▶ _Your goal_: Copy nothing from the entries below except the lines from the one containing "Pin By Jay Low" through the one containing "Main event action: Larson", and copy those exactly.

──────── Exercise input

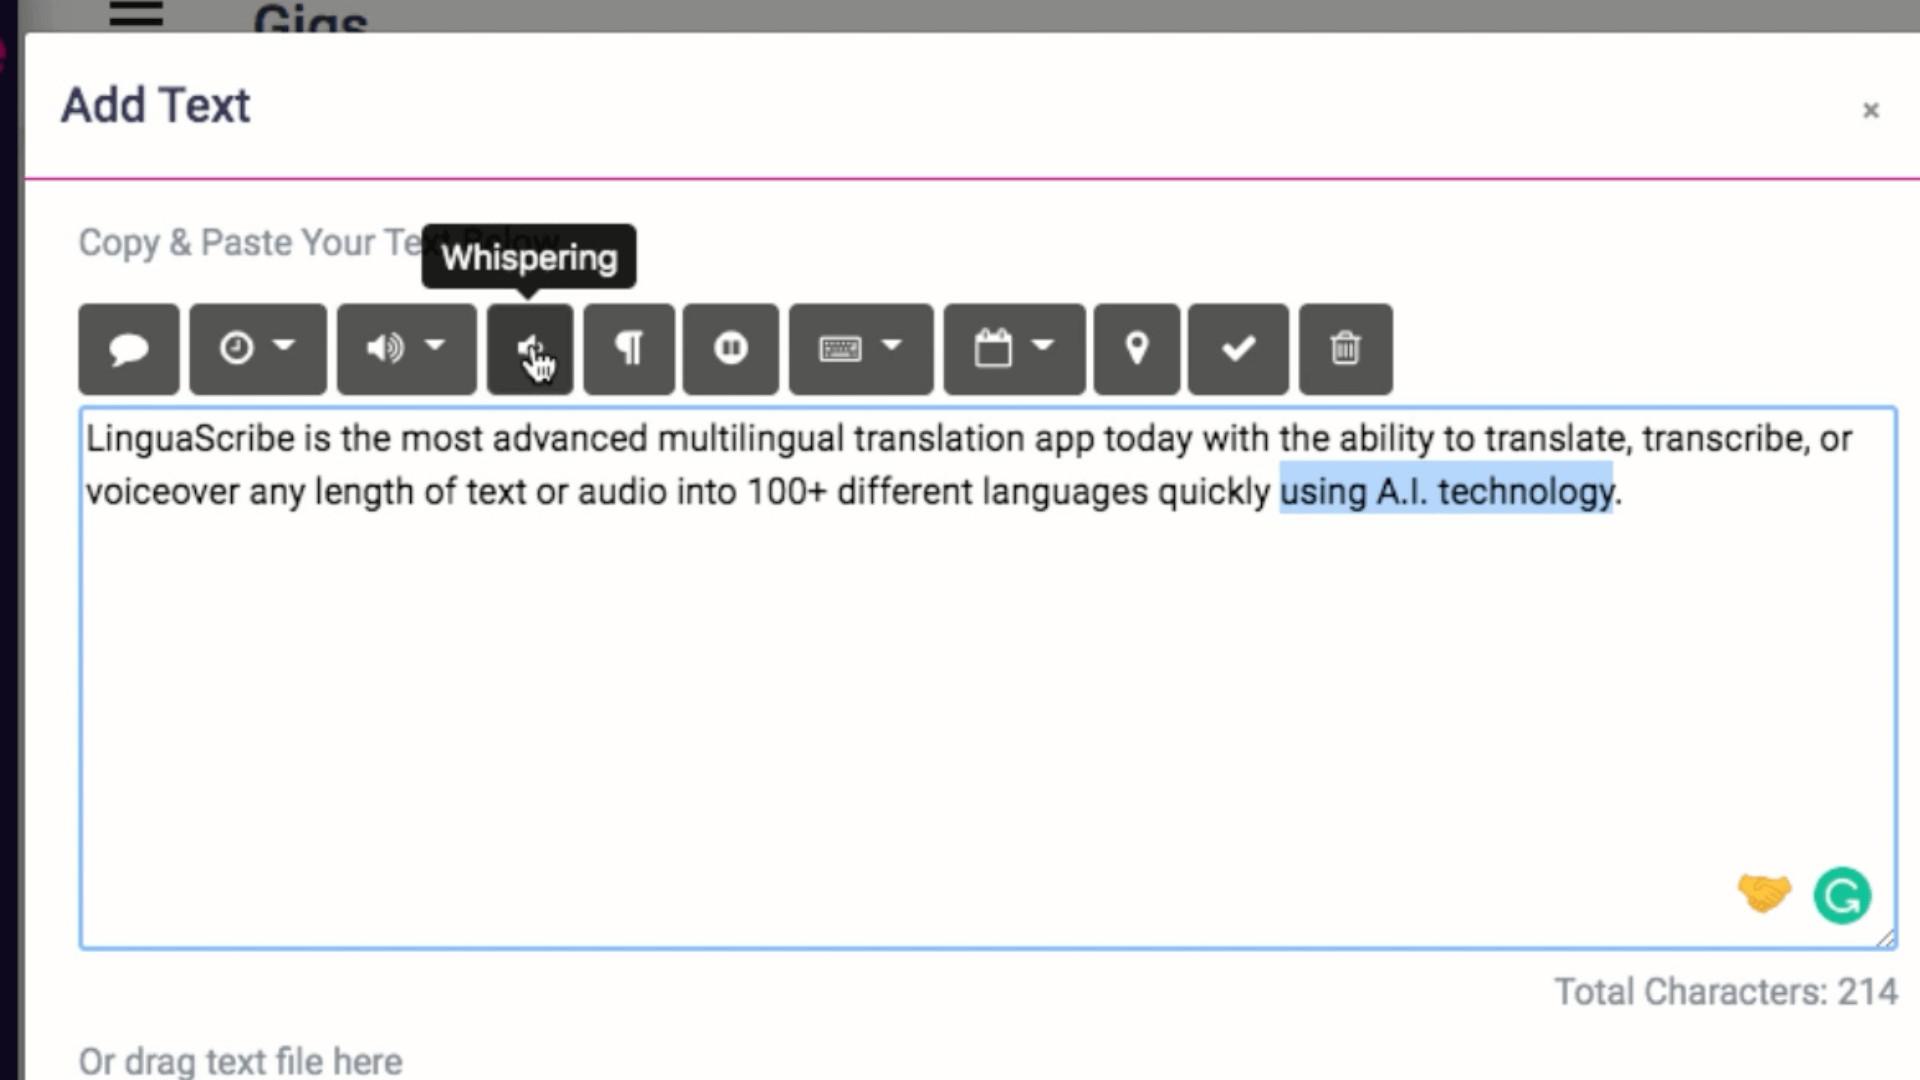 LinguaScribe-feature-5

────────────────
──────── Exercise input

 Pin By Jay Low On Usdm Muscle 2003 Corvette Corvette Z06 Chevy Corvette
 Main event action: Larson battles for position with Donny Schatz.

────────────────

▶ _Answer below_:
 Pin By Jay Low On Usdm Muscle 2003 Corvette Corvette Z06 Chevy Corvette
 Main event action: Larson battles for position with Donny Schatz.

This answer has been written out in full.